In http.rb, line 2236 the "read_chunked" function calls
@socket.readline. This "readline" function, in protocol.rb line 126,
calls readuntil("\n"). This works fine if the data chunk is
"\n-terminated", but throws an EOFError if it is not.

I am not sure about the underlying standards of chunked http, maybe the
data chunk is supposed to always been \n-terminated, and it may be a
mis-behaving server, but the fact is: I can get the example image fine
with any browser, but not with Net::HTTP.

As a tentative fix, I wrote a patch that catches the EOFError in
read_chunked. You will the patch file attached. With the patch, things
work fine:

$ irb
 >> require 'net/http'
=> true
 >> res =
Net::HTTP.get_response(URI.parse('http://snapcasa.com/get.aspx?code=1000&size=m&url=...))
=> #<Net::HTTPOK 200 OK readbody=true>
 >> File.open('test.jpg','w').write res.body
=> 2881
 >>

With the patch, the above gives me a perfectly fine JPEG file. However,
I am afraid my current patch, with a big begin...rescue around most of
the body of the read_chunked function, catches the EOFError at level
higher than necessary, which is not good practice...


Anyway, before continuing any further, could someone involved in the
development of Ruby take a look at this, confirm the existence of the
bug, and maybe even come up with a better fix?

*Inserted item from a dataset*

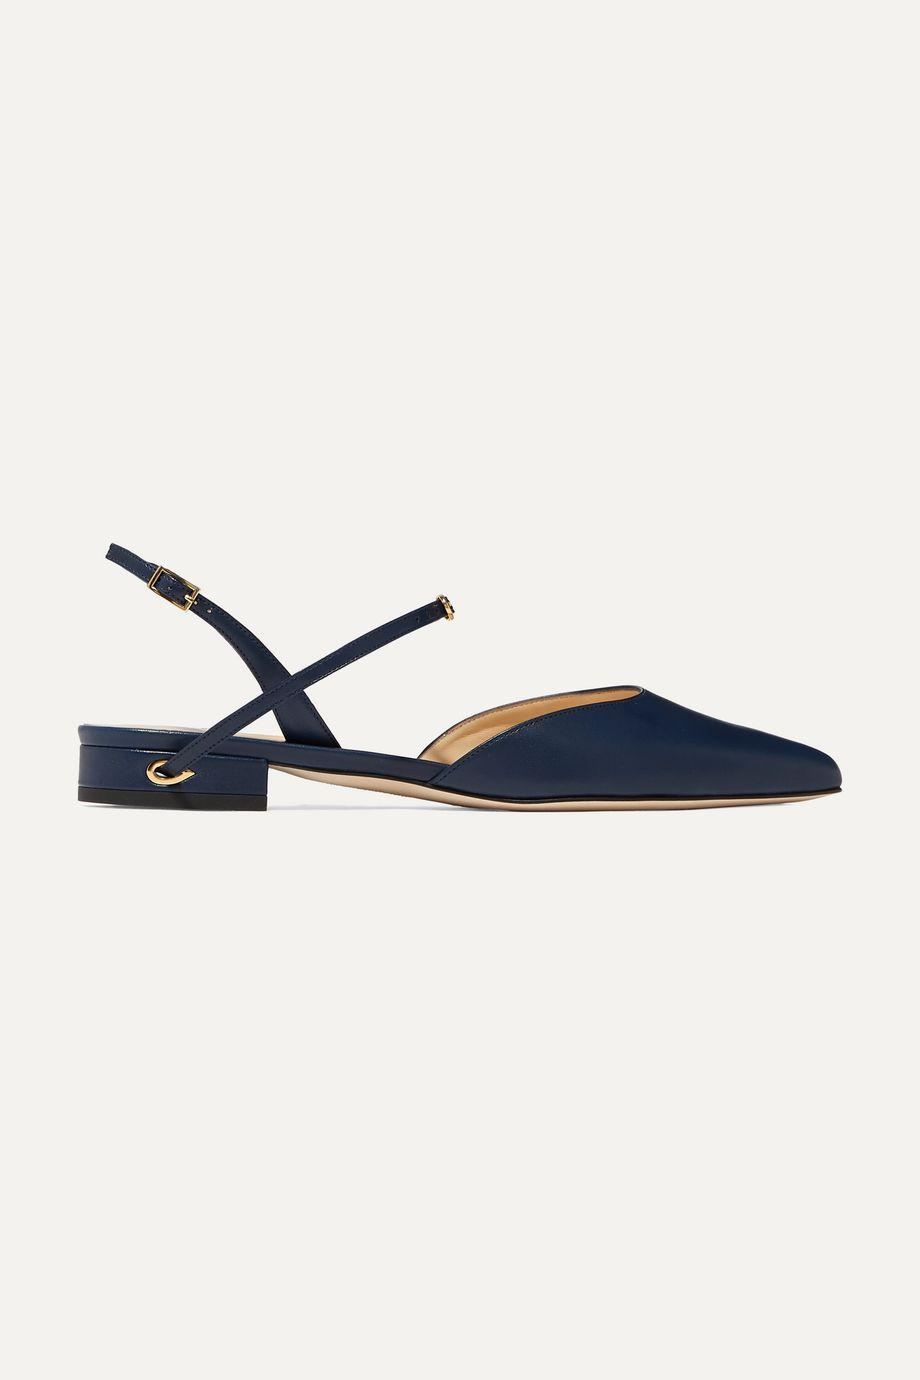 Jennifer Chamandi Vittorio leather slingback point-toe flats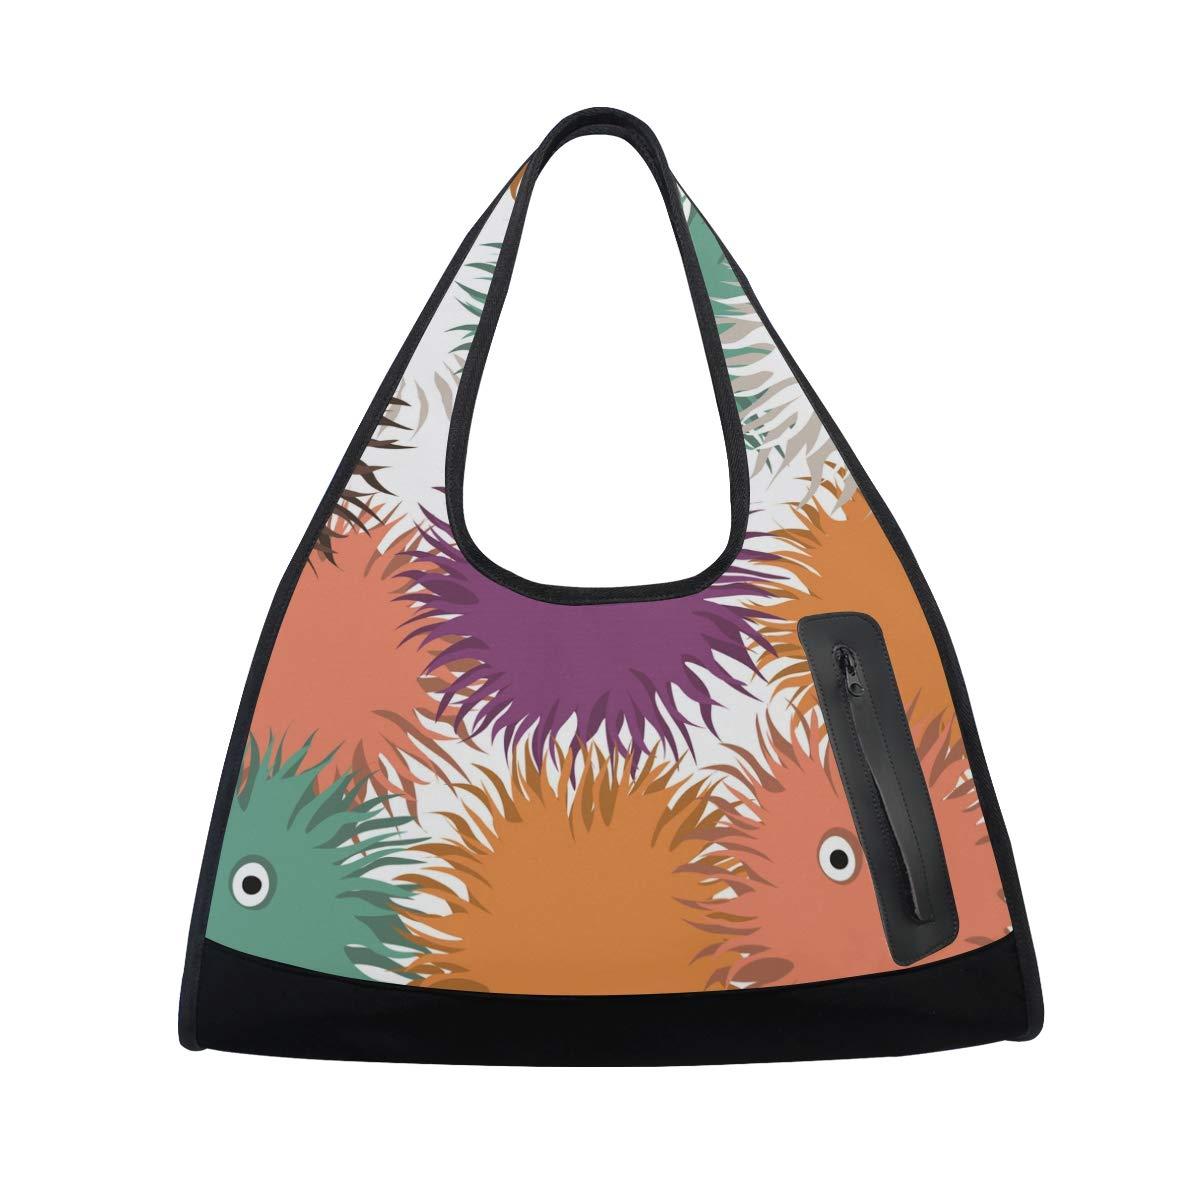 Unisex Travel Duffels Gym Bag Cartoon Fluffy Round Canvas Weekender Bag Shoulder Bag Totes bags

PS: please let me know if I posted this in the wrong list, or if I
should open a bug report on some bug tracking system.


Thank you for your help.
Nobuyoshi N. (Guest)
on 2009-04-13 15:20
(Received via mailing list)
Hi,

At Mon, 13 Apr 2009 12:40:32 +0900,
Yves-Eric Martin wrote in [ruby-talk:333704]:
> In http.rb, line 2236 the "read_chunked" function calls
> @socket.readline. This "readline" function, in protocol.rb line 126,
> calls readuntil("\n"). This works fine if the data chunk is
> "\n-terminated", but throws an EOFError if it is not.

Not "\n-terminated".

According to RFC2616 and RFC2068, chunks consist from
chunk-size and chunk-body, and the chunked-body is terminated
by "0" size chunk.

That is, the response doesn't seem to follow the RFCs.
Yves-Eric Martin (Guest)
on 2009-04-14 07:33
(Received via mailing list)
Thank you for pointing me to the RFC. Indeed, the response does not
seem RFC-compliant...

Other than my quick and dirty patch, is there a way to tell Net::HTTP
to ignore the EOFError and accept non-compliant input? Again, the point
is that an image, which displays fine in Internet Explorer, Firefox and
Safari, cannot be downloaded with Net::HTTP. While I understand the
"not RFC-compliant" argument, for practical reasons, it does seem a bit
limiting...

Thank you,


PS: I will also contact the administrator of the problem site regarding
this
RFC compliance issue.

--
Yves-Eric
Nobuyoshi N. (Guest)
on 2009-04-14 08:26
(Received via mailing list)
Hi,

At Tue, 14 Apr 2009 12:33:01 +0900,
Yves-Eric Martin wrote in [ruby-talk:333820]:
> Other than my quick and dirty patch, is there a way to tell Net::HTTP
> to ignore the EOFError and accept non-compliant input? Again, the point
> is that an image, which displays fine in Internet Explorer, Firefox and
> Safari, cannot be downloaded with Net::HTTP. While I understand the
> "not RFC-compliant" argument, for practical reasons, it does seem a bit
> limiting...

See rdoc of Net::HTTPResponse#read_body and
Net::HTTP#request_get.

  out = "" # or open(destfile, "wb")
  begin
    Net::HTTP.get_response(uri) do |res|
      res.read_body {|s| out << s}
    end
  rescue EOFError
  end
Yves-Eric Martin (Guest)
on 2009-04-14 12:33
(Received via mailing list)
Works like a charm!

Thank you Nobu for your great help. I owe you a beer.


--
Yves-Eric
This topic is locked and can not be replied to.